Direct file integration means the AI writes formulas directly into an Excel file through APIs, rather than generating text for users to copy manually. This eliminates transcription errors and allows the AI to reference actual cell contents. When generating a formula for cell C2, the tool knows that B2 contains a number (or formula) and B1 contains a header.
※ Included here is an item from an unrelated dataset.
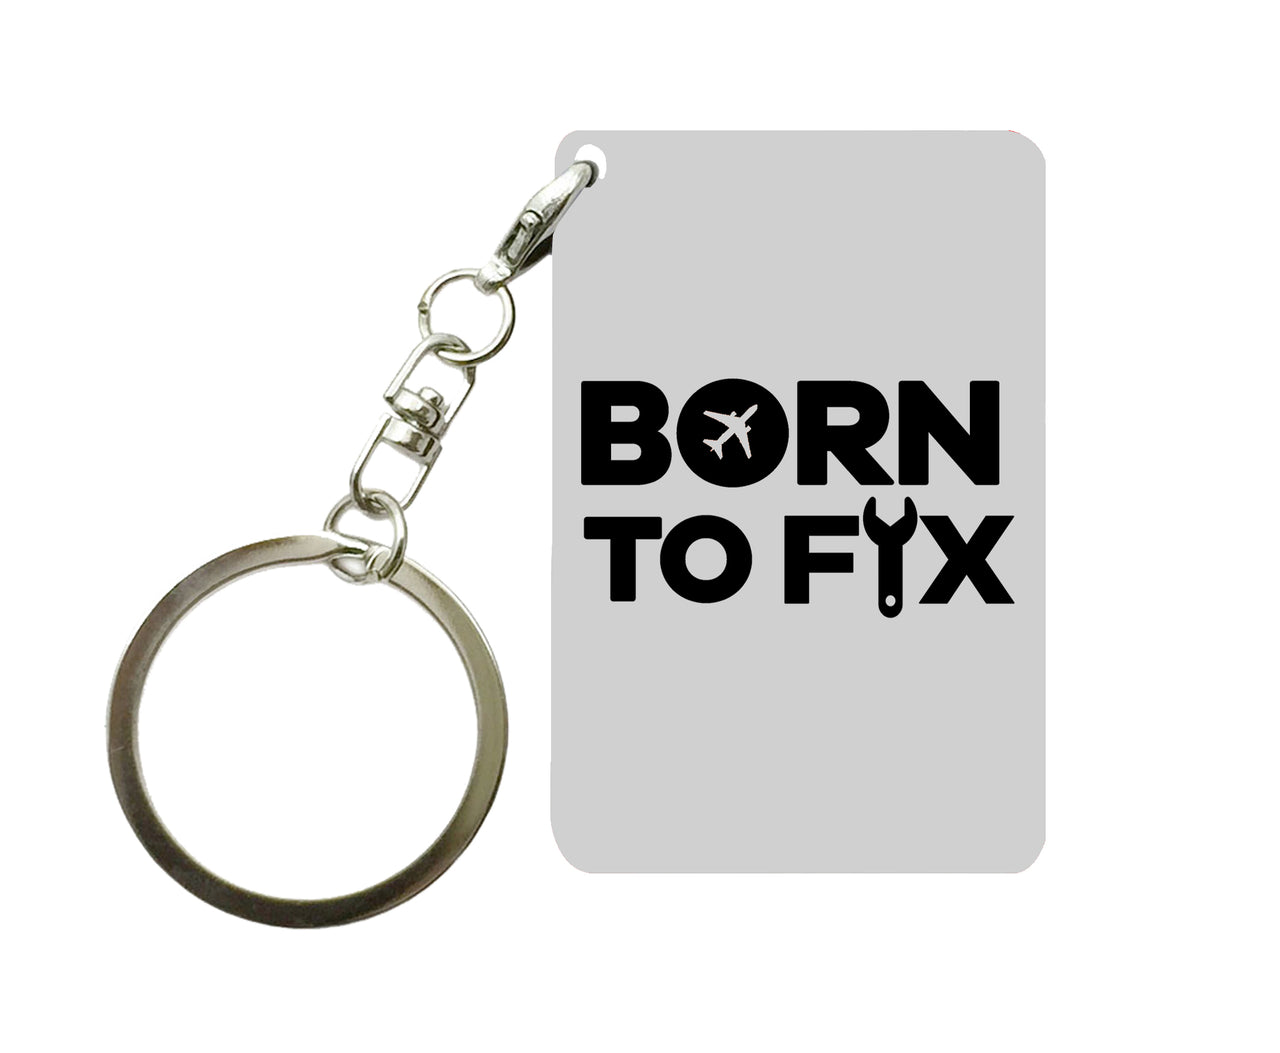 Born To Fix Airplanes Designed Key Chains
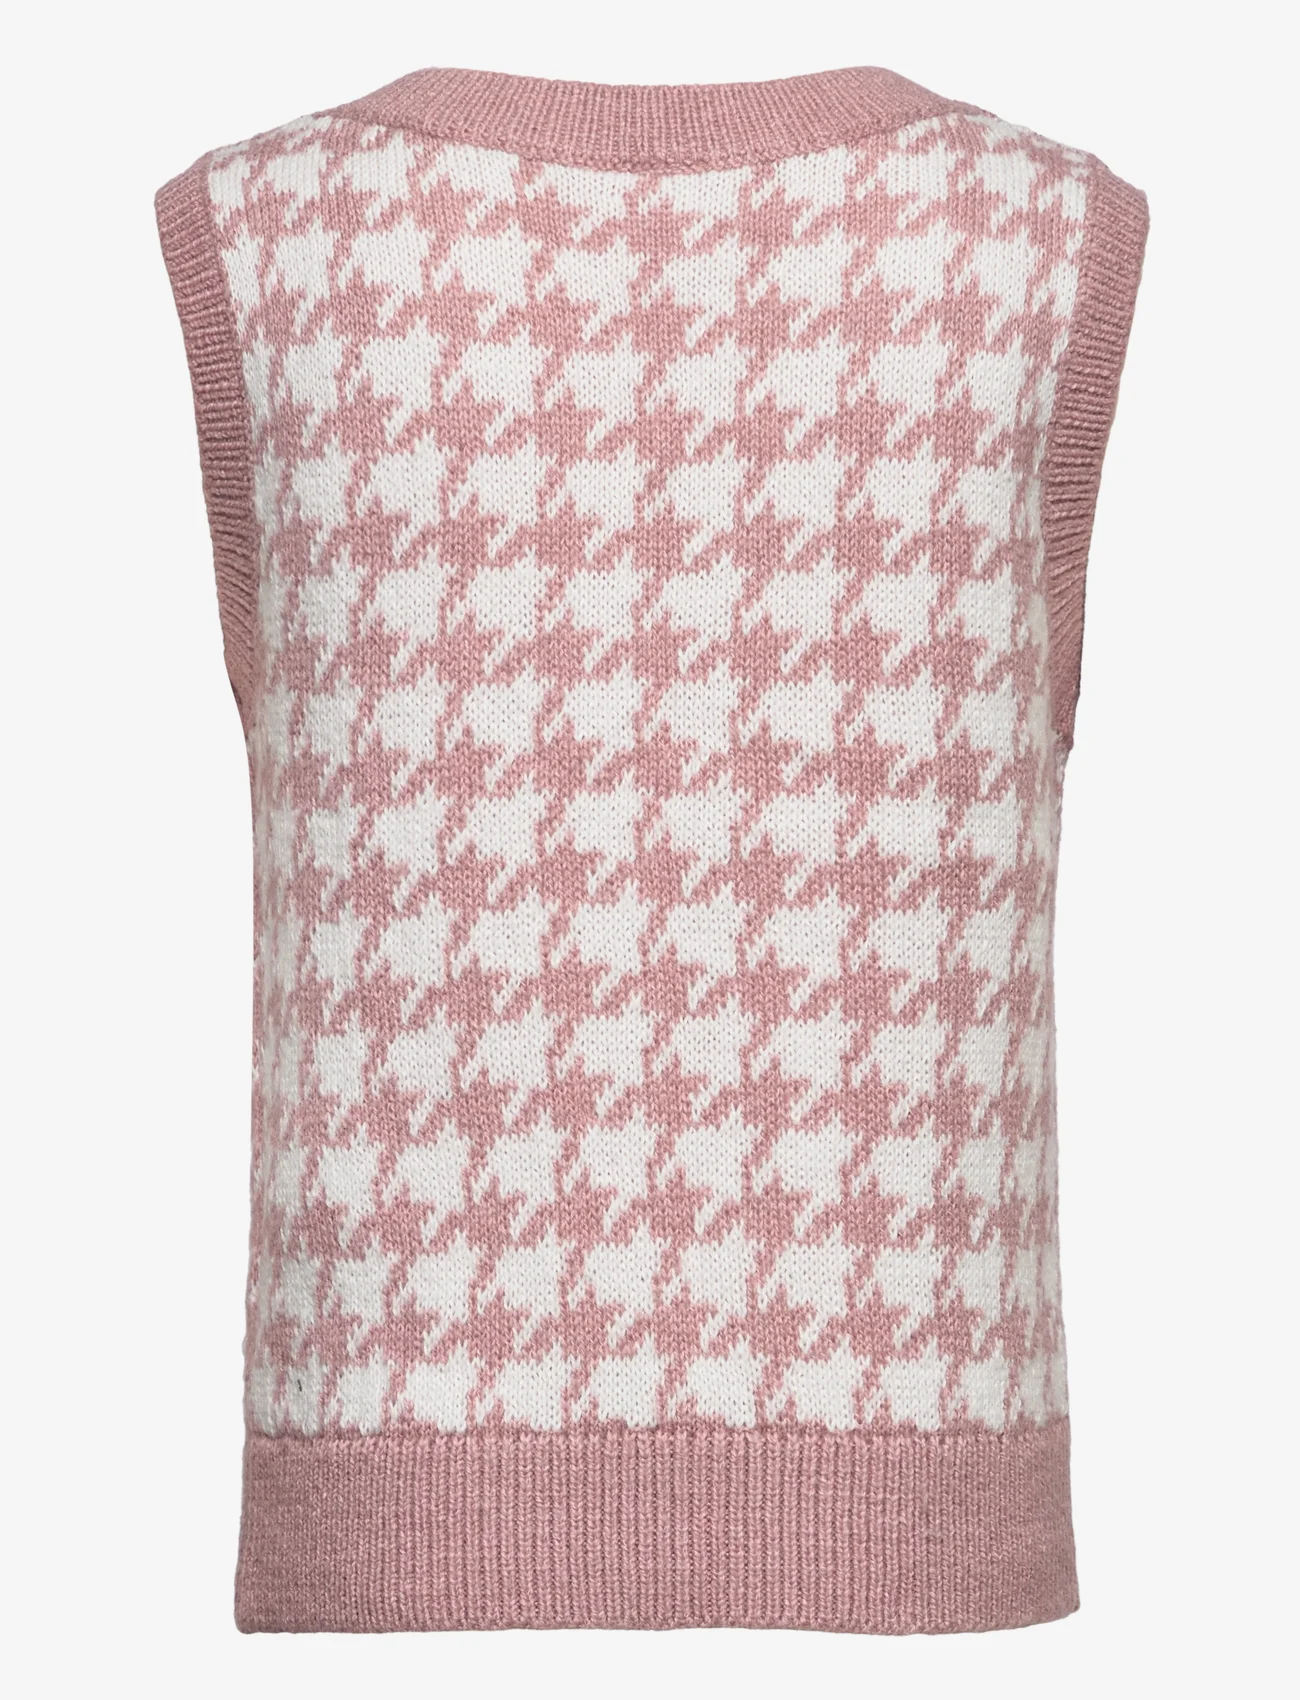 Abercrombie & Fitch - kids GIRLS SWEATERS - de laveste prisene - pink and white - 1

It doesn't guess cell locations—it reads the current spreadsheet state and generates formulas that reference the correct cells.
Tools like Apers use Excel's COM API (on Windows) or AppleScript (on Mac) to manipulate spreadsheets programmatically. The AI generates a formula, the API writes it to the specified cell, Excel calculates the result, and the API reads the calculated value. If the value is incorrect (say, Sources ≠ Uses), the AI knows immediately and revises the formula. This closed-loop process is impossible with ChatGPT's text-only interface.
The architectural differences mean purpose-built tools don't just "work better"—they work categorically differently. ChatGPT generates plausible formulas based on pattern matching. Purpose-built tools generate verified formulas based on logical constraints. ChatGPT requires users to debug outputs manually. Purpose-built tools surface errors automatically. ChatGPT hallucinates cell references. Purpose-built tools read actual cell contents.
For users who need an actual working Excel file, not just a conversation about what an Excel file might contain, purpose-built tools are not an incremental improvement over ChatGPT—they are the only viable option. The Verification framework we teach in our guide addresses exactly this gap: how to structure AI interactions so outputs are tested, not assumed correct.